Auf einem Flug nach New York (der natürlich dem Betrug an einer Gepäckversicherung dienen soll) tritt eine junge Frau namens Melanie (Gina Rodriguez) ins Leben des seltsamen Trios. Sie ist auf den ersten Blick das absolute Gegenteil der drei, körperlich, kontaktfreudig, lebensfroh. Aber auch Melanie sehnt sich nach einem Gefühl von Zugehörigkeit in ihrem Leben, und da ihr Lieblingsfilm zufällig „Oceans 11“ ist, stellt sie sich bereitwillig als Komplizin zur Verfügung. Sie erschließt aber nicht nur neue betrügerische Wirkungskreise, sondern rührt auch beständig an dem Stachel, der sich inzwischen in Old Dolio festgesetzt hat, dass es im Leben vielleicht doch mehr geben muss als pure Grundversorgung. Old Dolio ist zunehmend verwirrt, dass ihre Eltern so ganz anders auf Melanie reagieren als auf sie, mit Streicheleinheiten und Koseworten. Schließlich geht Melanie einen Deal mit ihr ein und verspricht, für die fehlenden Dinge zu sorgen: Pfannkuchen, ein Tanz, Geburtstagsgeschenke mit Schleife und der sogenannte Breast Crawl, der Kraftakt, mit dem ein Neugeborenes sich auf die Suche nach der Brust der Mutter macht. Das Ganze natürlich auf die einzige Art, wie Old Dolio es gewöhnt ist, gegen Bezahlung. Am Ende steht über allem die entscheidende Frage, die es zu klären gilt, ob ihre Eltern in ihr mehr sehen als einen zuverlässigen Partner in Crime.
Das mag alles wahnsinnig verrückt klingen. Ist es natürlich auch, aber letztendlich geht es in „Kajillionaire“ um nichts weiter als die tiefsten menschlichen Grundbedürfnisse, und die fangen dort an, wo ein Kind nichts weiter will, als von seinen Eltern geliebt zu werden. Dass sich hinter ihrer Vorliebe für Kuriositäten letztendlich eine Auseinandersetzung mit elementaren menschlichen Bedürfnissen verbirgt, ist typisch für Miranda Julys Erzählkunst.

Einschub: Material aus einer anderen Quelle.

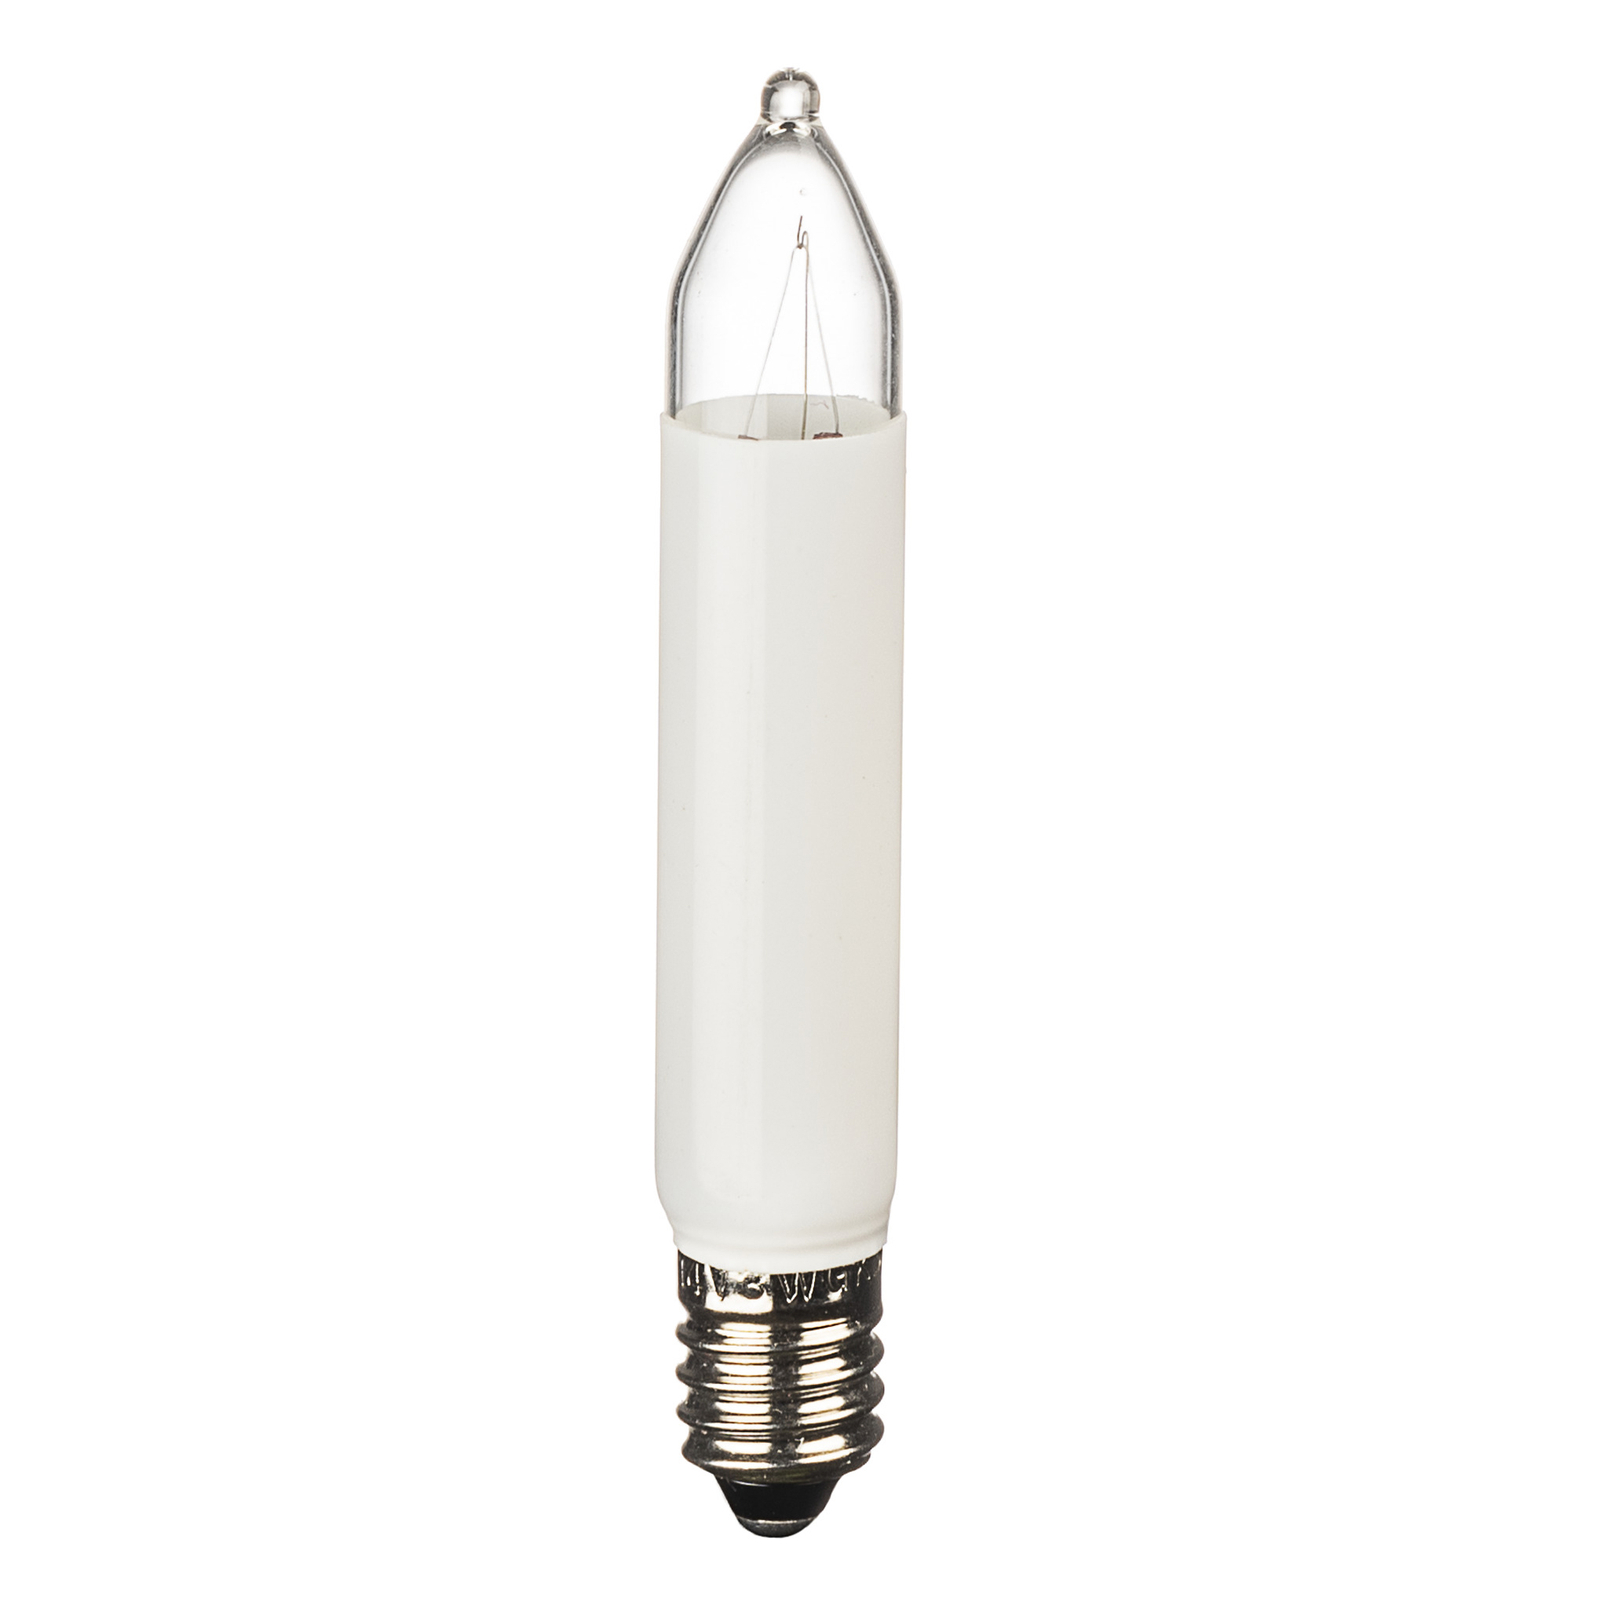 E10 3 W 14 V spare Xmas tree bulbs, pack of 2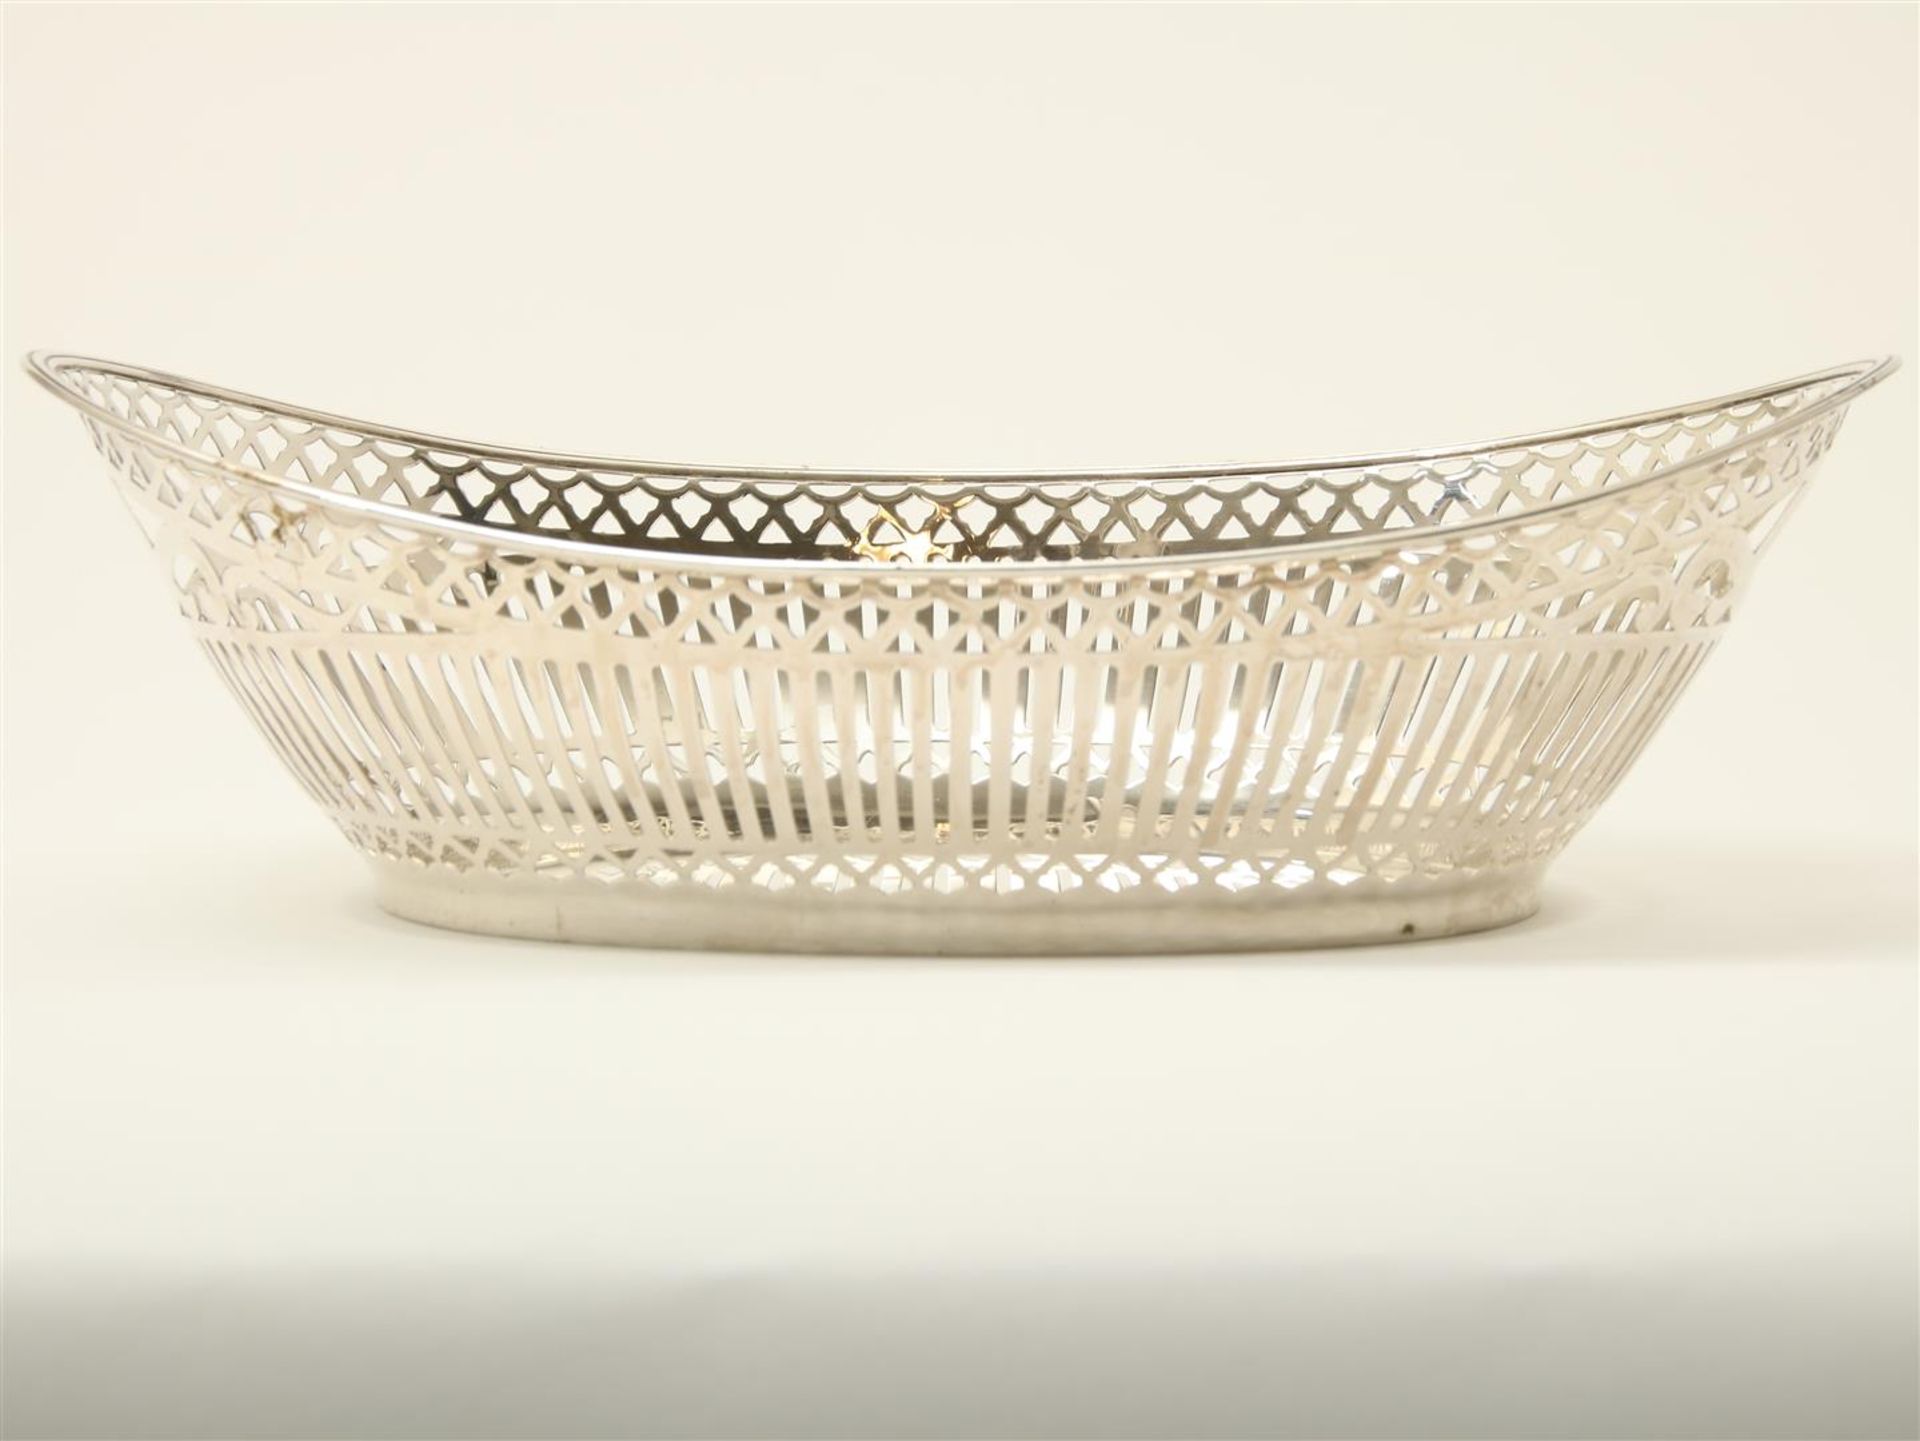 Openwork silver bread basket with bar motif, grade 835/000, maker's mark: "APz3", Fa. A. Pressburg &

Auf diese Weise funktionierte auch zuletzt ihr Roman „Der erste fiese Typ“. Es mag sein, dass man ein wenig Zeit braucht, sich auf diese besondere Erzählweise einzulassen, aber dafür wird man am Ende mehr als belohnt.
Die Intensität, mit der Evan Rachel Wood sich als Old Doilo auf ihrer Suche begibt, ist schlichtweg atemberaubend, besonders im Wechselspiel mit der augenscheinlichen Leichtigkeit, mit der Gina Rodriguez als Melanie in ihr Leben tritt. Jede Figur tut hier das, was sie für sich als das Beste betrachtet. Aber manchmal ist das Beste einfach nicht gut genug. Herauszufinden, was man als Mensch sich selbst und anderen wert ist, das ist Old Dolios große Aufgabe und die eigentliche Botschaft von „Kajiliionaire“. Ein Film, der mit seiner Geschichte nicht mehr zu Herzen gehen und in seiner Machart kaum innovativer sein könnte. Und, meiner vielleicht unmaßgeblichen persönlichen Meinung nach, wunderbar weiblich ist.